[WORK ITEM] Output all entries below exactly as they are given.

- Opening Delimiter -

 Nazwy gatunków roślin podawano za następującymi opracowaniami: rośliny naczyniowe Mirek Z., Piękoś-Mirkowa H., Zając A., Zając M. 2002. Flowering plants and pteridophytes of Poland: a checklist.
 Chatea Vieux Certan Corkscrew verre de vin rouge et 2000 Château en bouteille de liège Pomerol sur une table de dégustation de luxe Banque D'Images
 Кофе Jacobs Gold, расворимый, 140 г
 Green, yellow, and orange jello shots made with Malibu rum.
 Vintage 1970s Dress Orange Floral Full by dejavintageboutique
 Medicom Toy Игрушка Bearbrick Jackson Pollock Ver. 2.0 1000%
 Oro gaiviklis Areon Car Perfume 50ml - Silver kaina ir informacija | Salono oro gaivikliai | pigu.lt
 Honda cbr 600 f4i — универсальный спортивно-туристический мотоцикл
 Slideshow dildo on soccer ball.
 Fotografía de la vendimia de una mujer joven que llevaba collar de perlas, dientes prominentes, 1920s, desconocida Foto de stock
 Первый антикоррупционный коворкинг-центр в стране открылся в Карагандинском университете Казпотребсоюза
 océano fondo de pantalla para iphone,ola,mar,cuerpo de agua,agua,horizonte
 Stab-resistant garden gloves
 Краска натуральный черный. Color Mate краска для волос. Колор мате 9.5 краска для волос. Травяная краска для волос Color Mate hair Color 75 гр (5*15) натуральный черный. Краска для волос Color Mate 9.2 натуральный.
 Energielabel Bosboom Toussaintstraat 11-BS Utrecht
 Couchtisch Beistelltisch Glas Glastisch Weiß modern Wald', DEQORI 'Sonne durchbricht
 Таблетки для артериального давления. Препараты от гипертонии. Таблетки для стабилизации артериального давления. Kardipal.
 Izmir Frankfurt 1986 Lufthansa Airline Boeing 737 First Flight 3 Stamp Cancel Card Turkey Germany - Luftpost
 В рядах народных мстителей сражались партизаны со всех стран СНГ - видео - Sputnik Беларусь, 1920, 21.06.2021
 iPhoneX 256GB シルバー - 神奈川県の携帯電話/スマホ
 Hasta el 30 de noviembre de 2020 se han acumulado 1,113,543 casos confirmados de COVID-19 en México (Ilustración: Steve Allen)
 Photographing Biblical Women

- Closing Delimiter -

[EXERCISE OUTPUT]
 Nazwy gatunków roślin podawano za następującymi opracowaniami: rośliny naczyniowe Mirek Z., Piękoś-Mirkowa H., Zając A., Zając M. 2002. Flowering plants and pteridophytes of Poland: a checklist.
 Chatea Vieux Certan Corkscrew verre de vin rouge et 2000 Château en bouteille de liège Pomerol sur une table de dégustation de luxe Banque D'Images
 Кофе Jacobs Gold, расворимый, 140 г
 Green, yellow, and orange jello shots made with Malibu rum.
 Vintage 1970s Dress Orange Floral Full by dejavintageboutique
 Medicom Toy Игрушка Bearbrick Jackson Pollock Ver. 2.0 1000%
 Oro gaiviklis Areon Car Perfume 50ml - Silver kaina ir informacija | Salono oro gaivikliai | pigu.lt
 Honda cbr 600 f4i — универсальный спортивно-туристический мотоцикл
 Slideshow dildo on soccer ball.
 Fotografía de la vendimia de una mujer joven que llevaba collar de perlas, dientes prominentes, 1920s, desconocida Foto de stock
 Первый антикоррупционный коворкинг-центр в стране открылся в Карагандинском университете Казпотребсоюза
 océano fondo de pantalla para iphone,ola,mar,cuerpo de agua,agua,horizonte
 Stab-resistant garden gloves
 Краска натуральный черный. Color Mate краска для волос. Колор мате 9.5 краска для волос. Травяная краска для волос Color Mate hair Color 75 гр (5*15) натуральный черный. Краска для волос Color Mate 9.2 натуральный.
 Energielabel Bosboom Toussaintstraat 11-BS Utrecht
 Couchtisch Beistelltisch Glas Glastisch Weiß modern Wald', DEQORI 'Sonne durchbricht
 Таблетки для артериального давления. Препараты от гипертонии. Таблетки для стабилизации артериального давления. Kardipal.
 Izmir Frankfurt 1986 Lufthansa Airline Boeing 737 First Flight 3 Stamp Cancel Card Turkey Germany - Luftpost
 В рядах народных мстителей сражались партизаны со всех стран СНГ - видео - Sputnik Беларусь, 1920, 21.06.2021
 iPhoneX 256GB シルバー - 神奈川県の携帯電話/スマホ
 Hasta el 30 de noviembre de 2020 se han acumulado 1,113,543 casos confirmados de COVID-19 en México (Ilustración: Steve Allen)
 Photographing Biblical Women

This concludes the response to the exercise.